Copy out the data in full and exactly, passing over the pictures.

■ DATA EXTRACT:
· · · ·
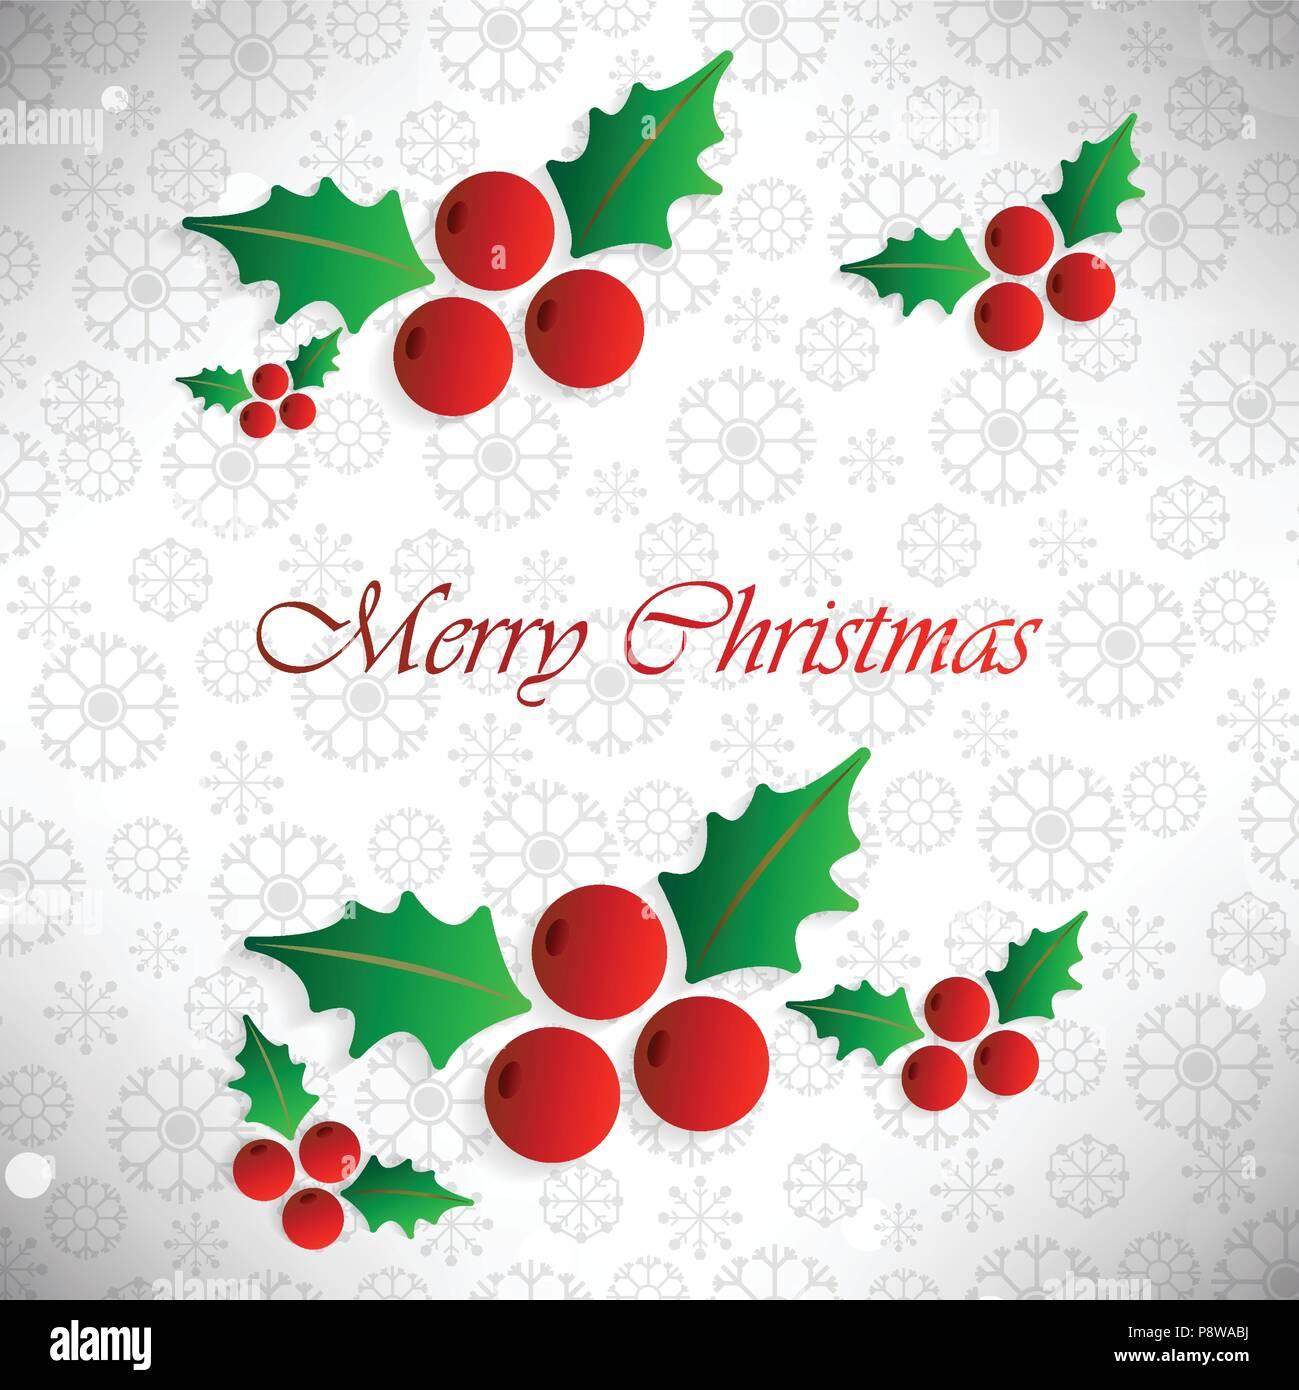 Weihnachtskarten Muster.Weihnachtskarte Mit Muster Hintergrund Und Cherry Blätter Für Web
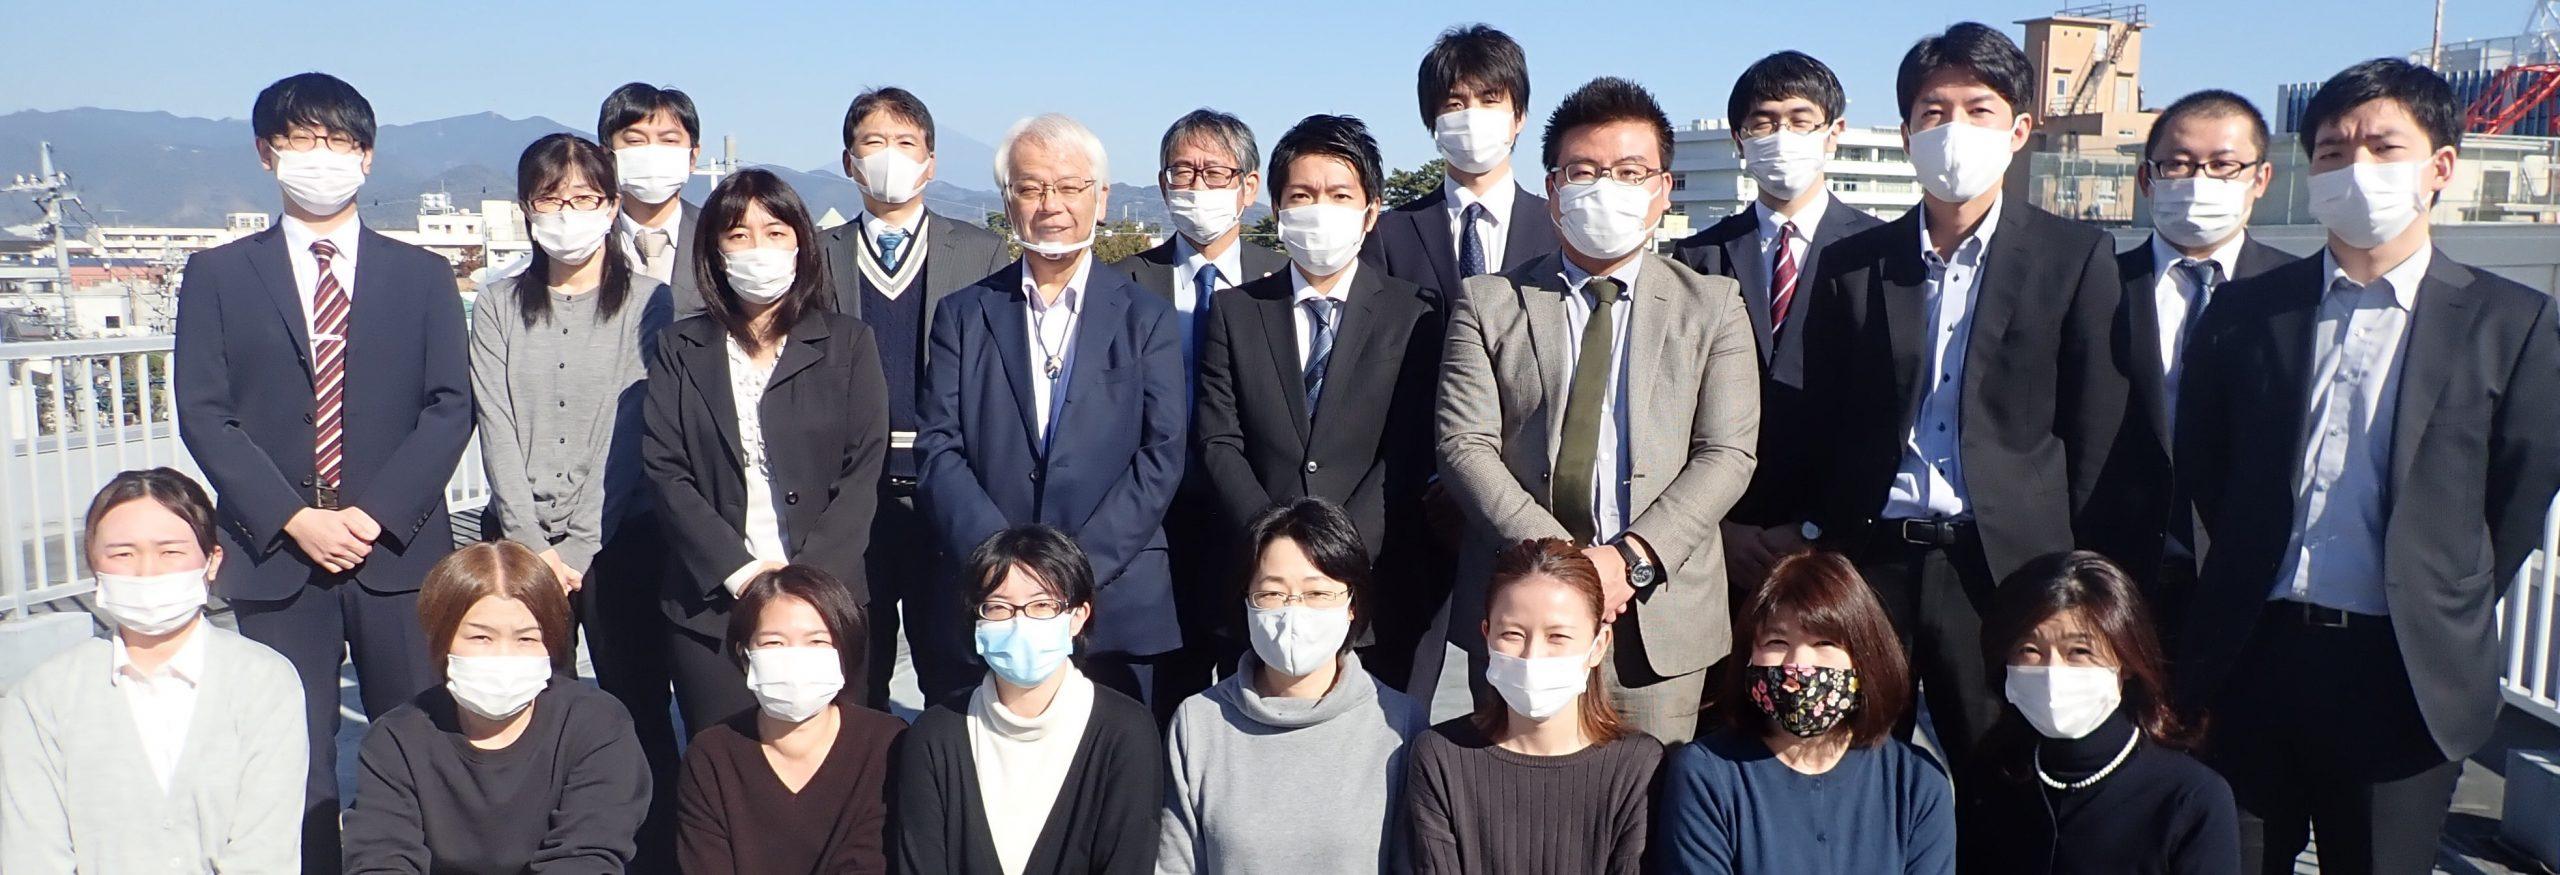 静岡の地域に根ざした県内最大規模の法律事務所
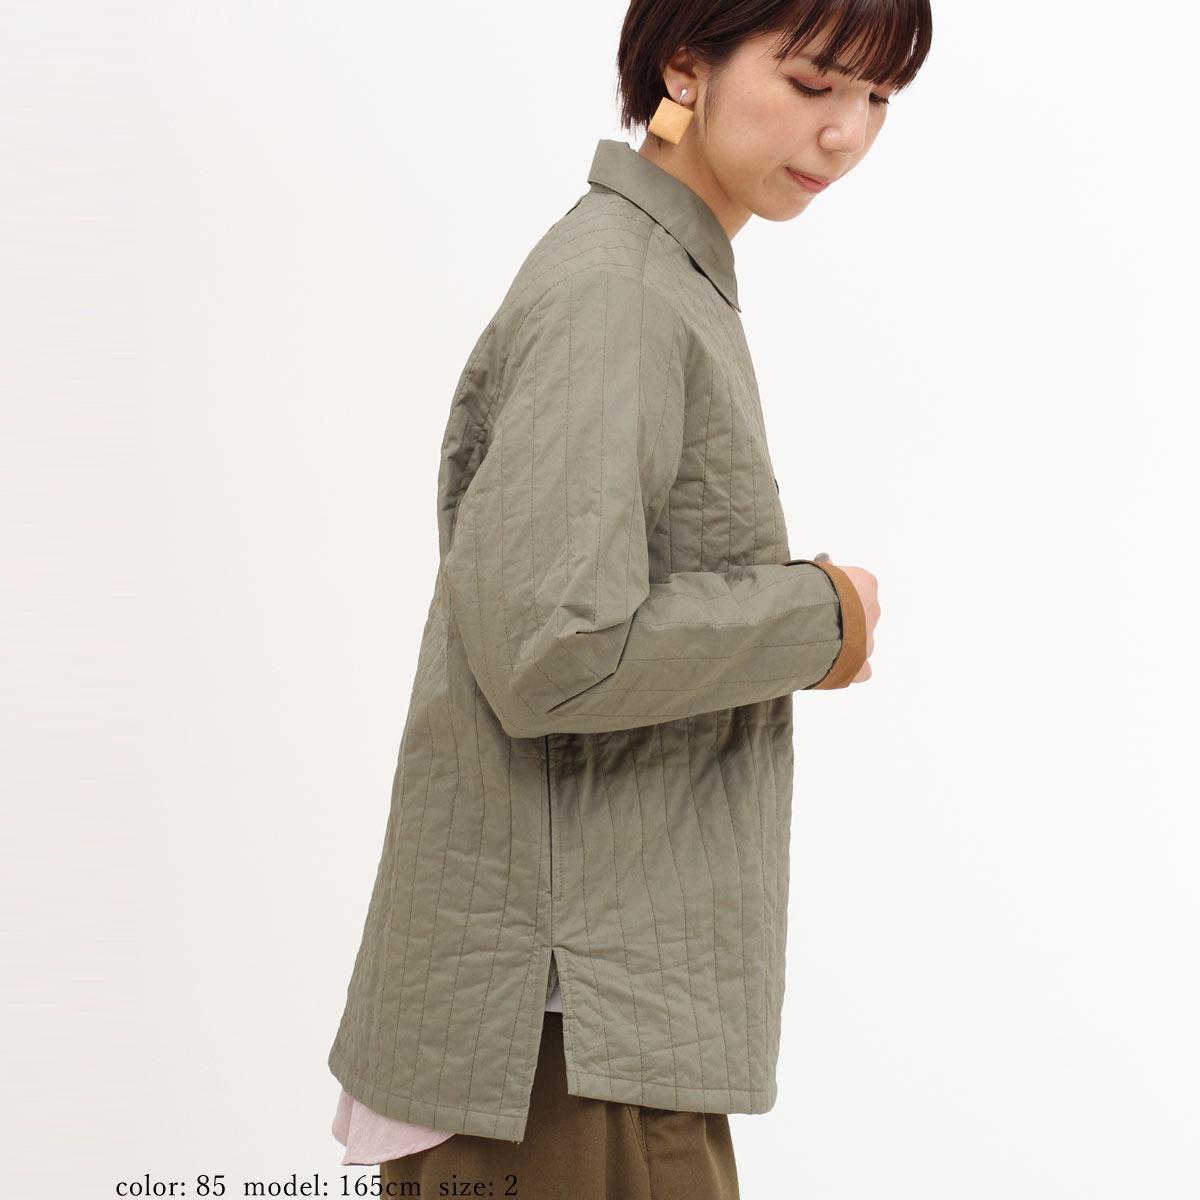 M・J・G■暖■ キルトシャツ GMT685
· · · ·
■ RESPONSE TO THIS EXERCISE:
 Weihnachtskarten Muster.Weihnachtskarte Mit Muster Hintergrund Und Cherry Blätter Für Web
 静岡の地域に根ざした県内最大規模の法律事務所
 M・J・G■暖■ キルトシャツ GMT685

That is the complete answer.